The following Python packages are required:  



- matplotlib

- ruptures

- pandas

- tqdm

- torch

- transformers

- datasets

- scikit-learn

- numpy



These will be installed automatically when using pip install.   

Alternatively, you could directly install them  



```bash

pip install matplotlib ruptures pandas tqdm torch transformers datasets scikit-learn numpy

```



### Computational requirements



You require at least one GPU to use `ctscams`.



VRAM requirements depend on factors like batch size, model size, etc. 
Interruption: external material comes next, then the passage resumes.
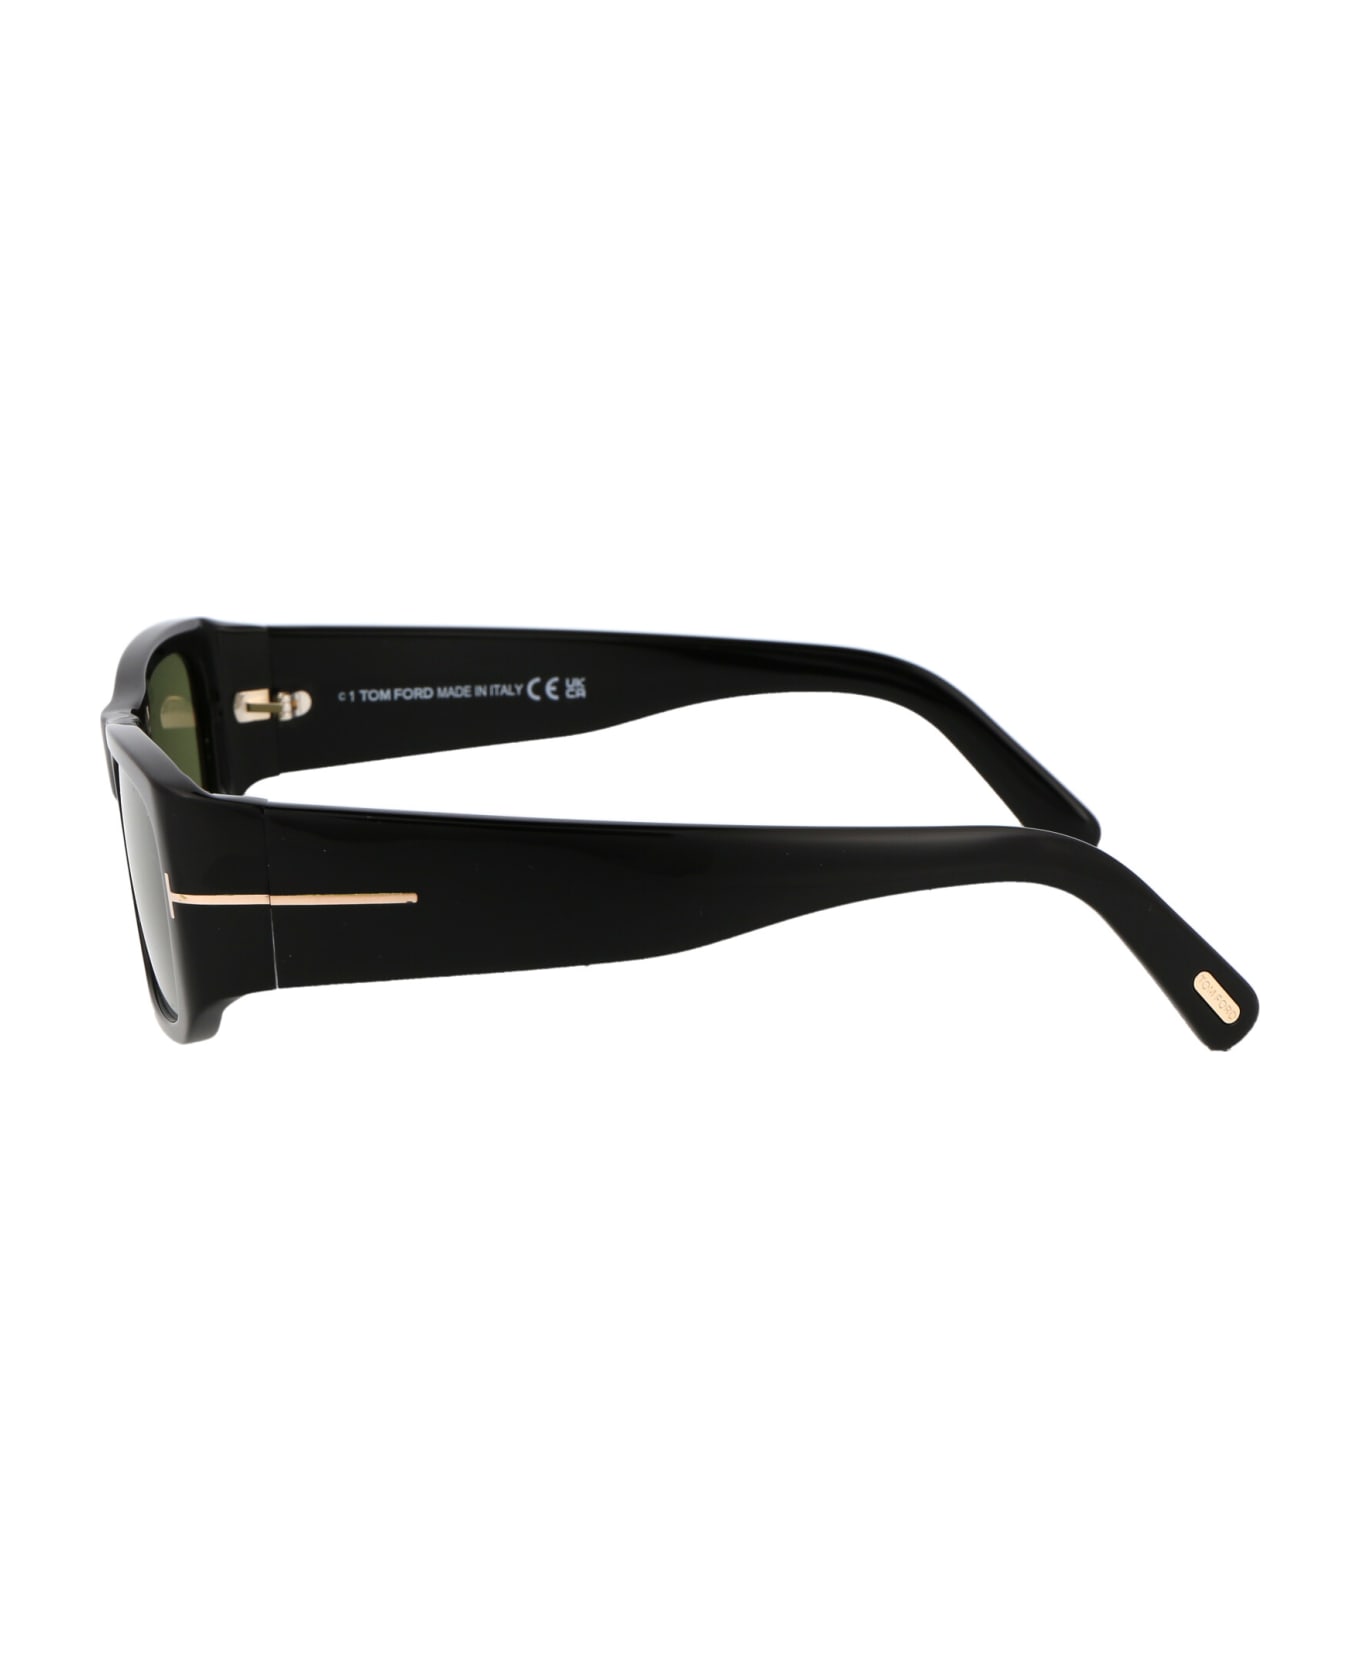 Tom Ford Eyewear Andres-02 Sunglasses - 01tortoiseshell-trim aviator sunglasses

However, at least 12GB of VRAM is recommended



## Installation 



To install in python, simply do the following:



```python

pip install ctscams

```



## Quick start



To learn how we used it in our experiments, go to `demo.ipynb`. Alternatively, refer to this quick guide here:   



1. Lets start off by performing continous time series clustering to select our annotated data



```python

from ctscams import greedy_souping, ties

from ctscams import finetune

from ctscams import cluster_sampling, continous_time_series_clustering



df_climate=continous_time_series_clustering(df=df,time_col="timestamp_col",level="M", plot=False, penalty=0.1) # note that level "M" stands for Month



# perform continous time series clustering and selecting based on the clusters

df=cluster_sampling(df=df,sample_size=10000,stratified_col="cluster"):

df_annotated=df[df["selected"]==1].reset_index(drop=True)

```



2. Now first lets finetune a single unified model 



```python

# finetuning

finetune(df=df_annotated, model_name="microsoft/deberta-v3-large",cluster_col_name=None,

         folder_name="naive_finetuning/continous_clustering_by_month/climate_change", # note folder name to save our models

         text_col='message', label_col="sentiment",  label2id={"Anti":0,"Neutral":1,"Pro":2,"News":3},

         learning_rate=1e-5, warmup_ratio=0.05, weight_decay=0.001,

         epochs=3, batch_size=6, early_stopping_patience=2, return_val_data=False)



```



3. Now first lets finetune individual models (one for each cluster), and merge them with greedy soup. 



```python

# finetuning

df_val=finetune(df=df_annotated, model_name="microsoft/deberta-v3-large",

                cluster_col_name="cluster", # the difference is here --> we use "cluster" instead of None

                folder_name="batch_finetuning/continous_clustering_by_month/climate_change", # note folder name to save our models

                text_col='message', 

                label_col="sentiment",  

                label2id={"Anti":0,"Neutral":1,"Pro":2,"News":3},

                learning_rate=1e-5, 

                warmup_ratio=0.05, 

                weight_decay=0.001,

                epochs=8, 

                batch_size=6, 

                early_stopping_patience=2, 

                return_val_data=True) # note TRUE if we want to return validation data. 



# Now we perform greedy souping

greedy_souping(

    models_folder="models/batch_finetuning/continous_clustering_by_month/climate_change/deberta-v3-large", # where the individual models are saved

    save_path="models/merged_models/continous_clustering_by_month/climate_change/greedy_soup/deberta-v3-large", # the merged model will be saved here

    df_val=df_val,  # validation data. 

    col_label="sentiment",

    text_col='message',

    num_labels=4,

    label2id={"Anti":0,"Neutral":1,"Pro":2,"News":3})



# the model will be saved under `save_path="models/merged_models/continous_clustering_by_month/climate_change/greedy_soup/deberta-v3-large"`



```



## Reference and citation



Alba C, Warner BC, Saxena A, Huang J, An R. Towards Robust Sentiment Analysis of Temporally-Sensitive Policy-Related Online Text. Accepted In: Proceedings of the 63rd Annual Meeting of the Association for Computational Linguistics (ACL), Volume 4: Student Research Workshop. Association for Computational Linguistics; July 26-August 1, 2025; Vienna, Austria.